[Markurells i Wadkoping]. Es la mejor novela del sueco Hjalmar Bergman (1883-1931), donde se desarrolla la tesis de que, en las relaciones entre padres e hijos, no es lo esencial la sangre común, sino la efectiva correspondencia de afectos.
Marcurell, el protagonista, ha trabajado toda su vida para amasar, con enredos y abusos, una fortuna para su único hijo Johan. Cuando descubre que no es su hijo, sino el de un conde arruinado a quien su mujer se entregó disgustada por la fealdad física de su marido, su reacción es brutalmente violenta. Pero pronto se da cuenta de la realidad, se ve realmente tal cual es: vulgar, ávido, sólo preocupado por la lucha y la ganancia; y el sentido de su vida y de su trabajo queda destruido.
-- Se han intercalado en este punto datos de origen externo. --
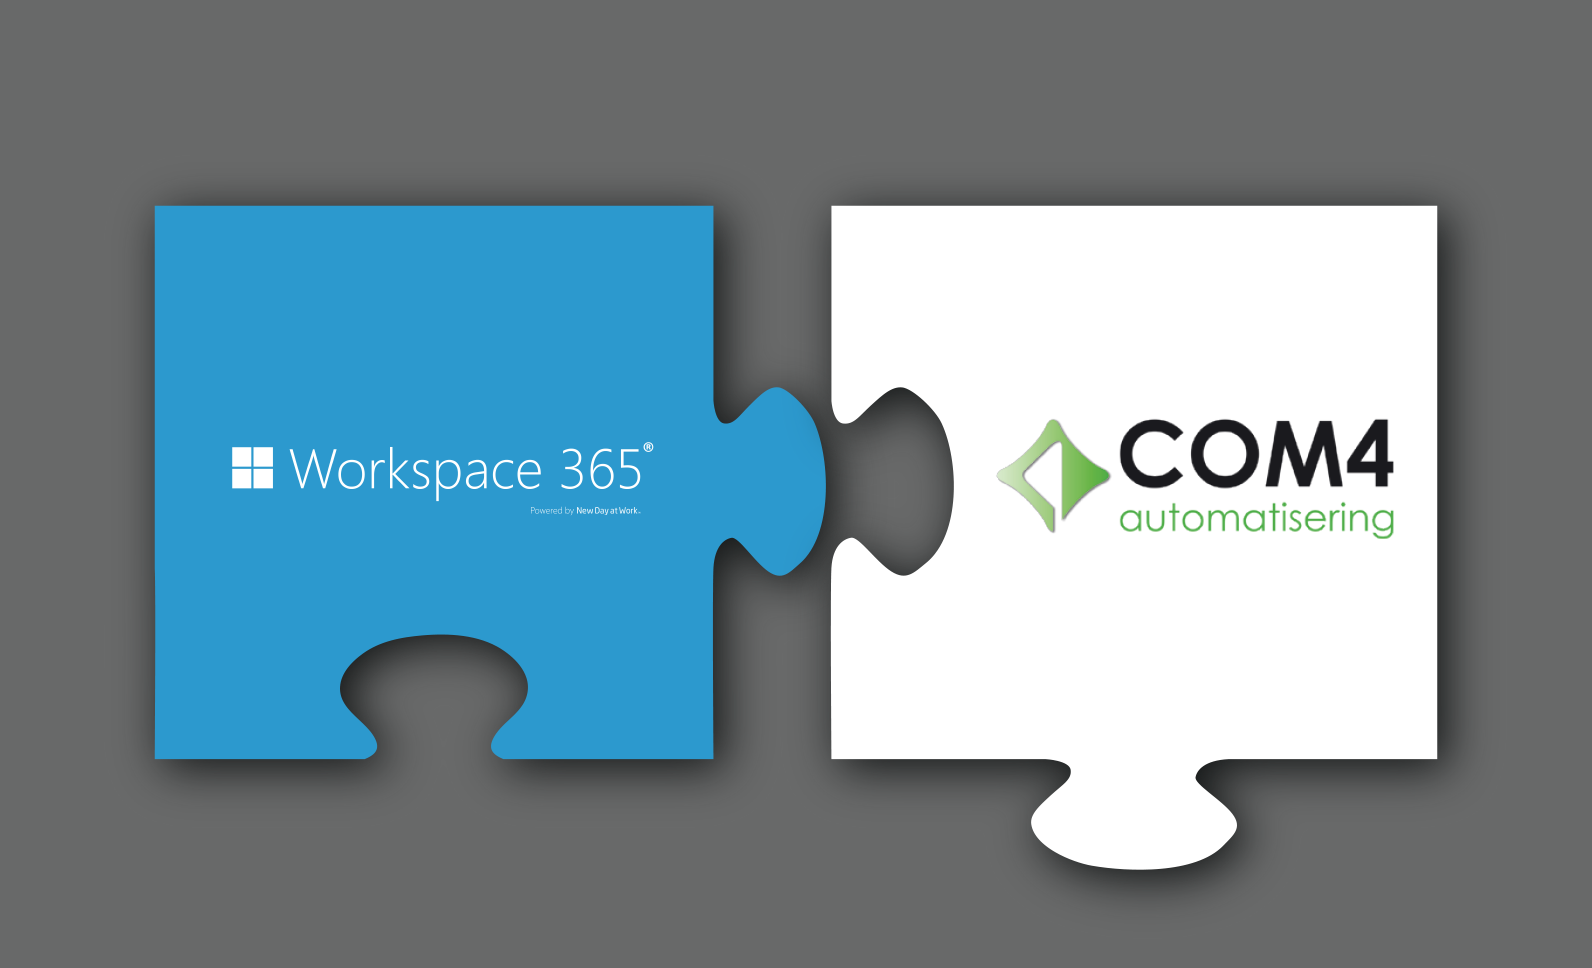 Nieuwe partner Com4 Automatisering
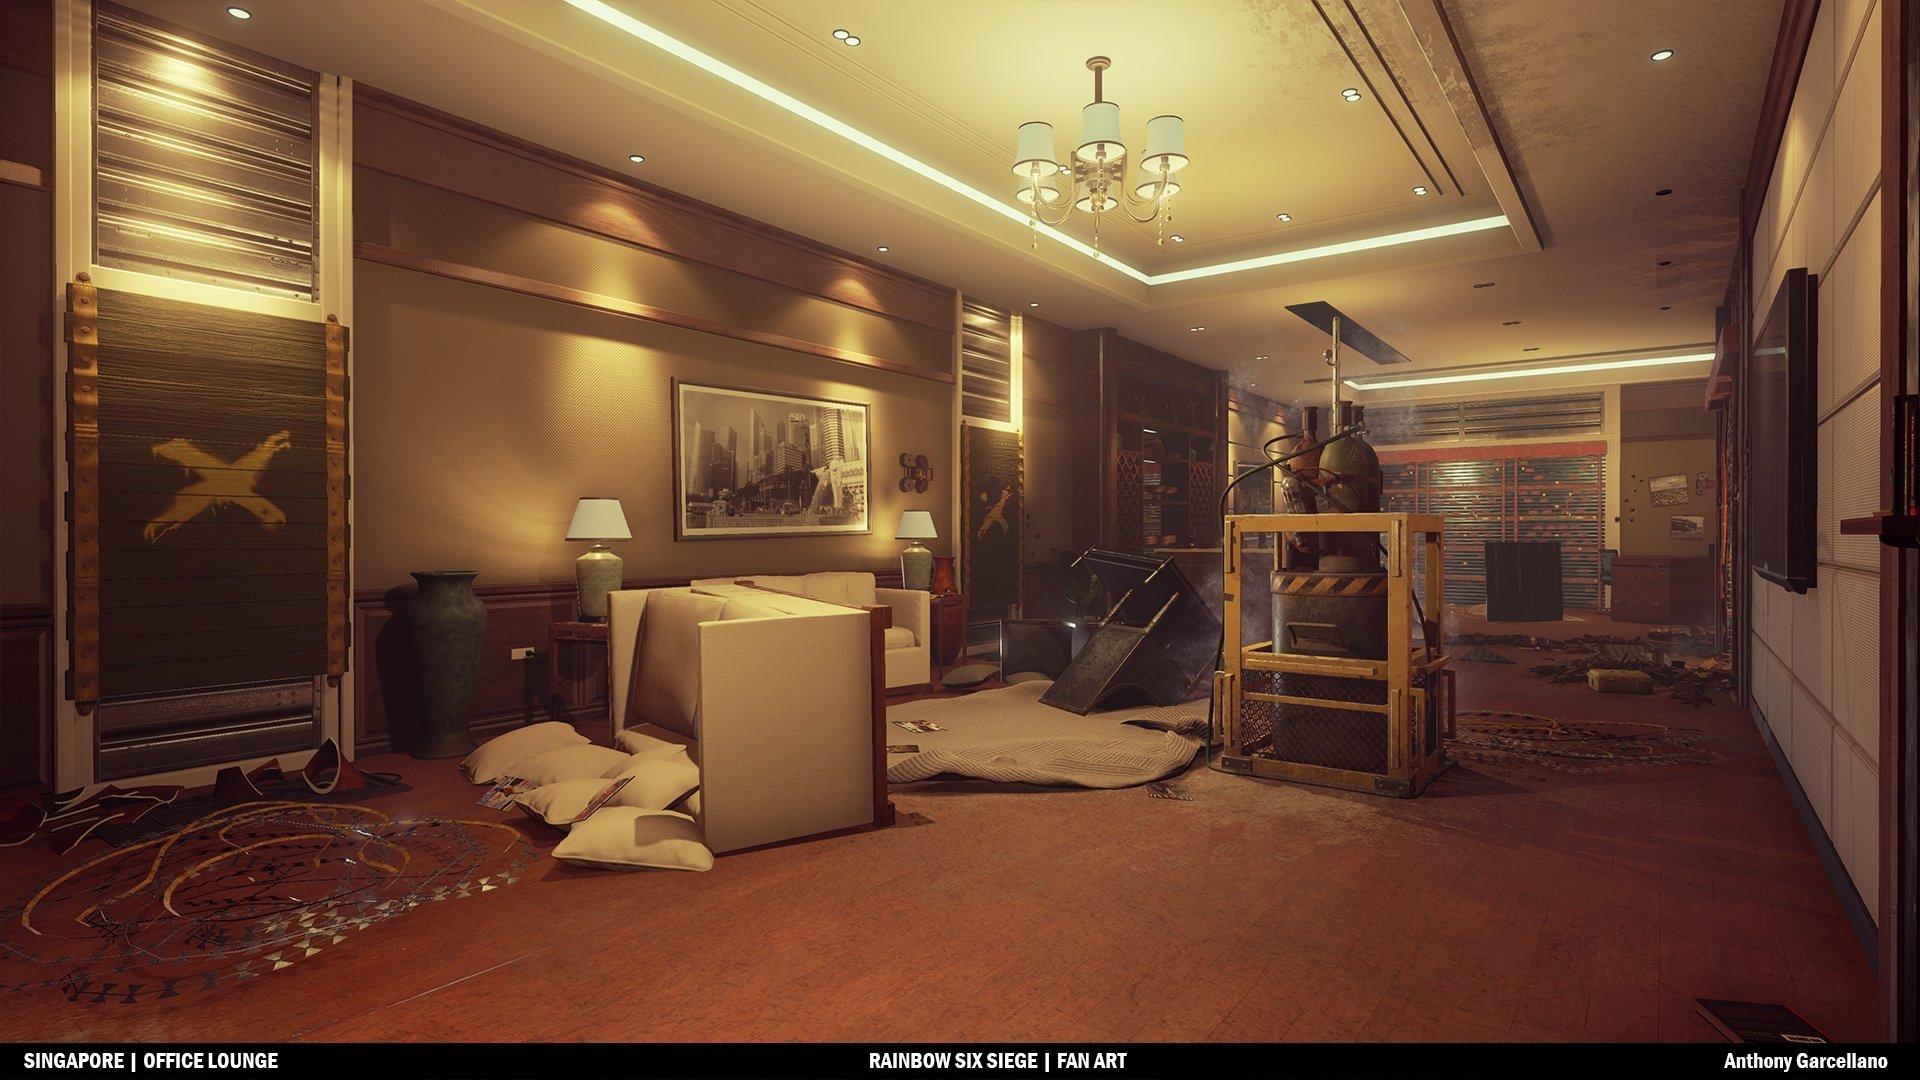 UE4] Office Lounge (Rainbow Six Siege Inspired Scene

Su único sostén es en adelante verse comprendido por la esposa del conde, una mujer grácil y delicada, también víctima de la traición conyugal. Pero cierto día, en la escuela, el hijo de la condesa, discutiendo con Johan, ofende a Marcurell llamándole viejo usurero y Johan se inclina decididamente del lado de su padre putativo, rebelándose ante la injuria y defendiéndole con ardor. El viejo se siente entonces renacer y comprende que el amor de su hijo es más sólido e importante que cualquier vínculo de sangre.
La novela, adaptada a comedia con el mismo título (1929), tuvo un gran éxito, similar al obtenido por el mismo autor con su otra comedia, El premio Nobel (v.). La novela, rica en invención, sorpresas y tipos, y también humanamente conmovedora, es una de las obras más notables de la literatura sueca contemporánea.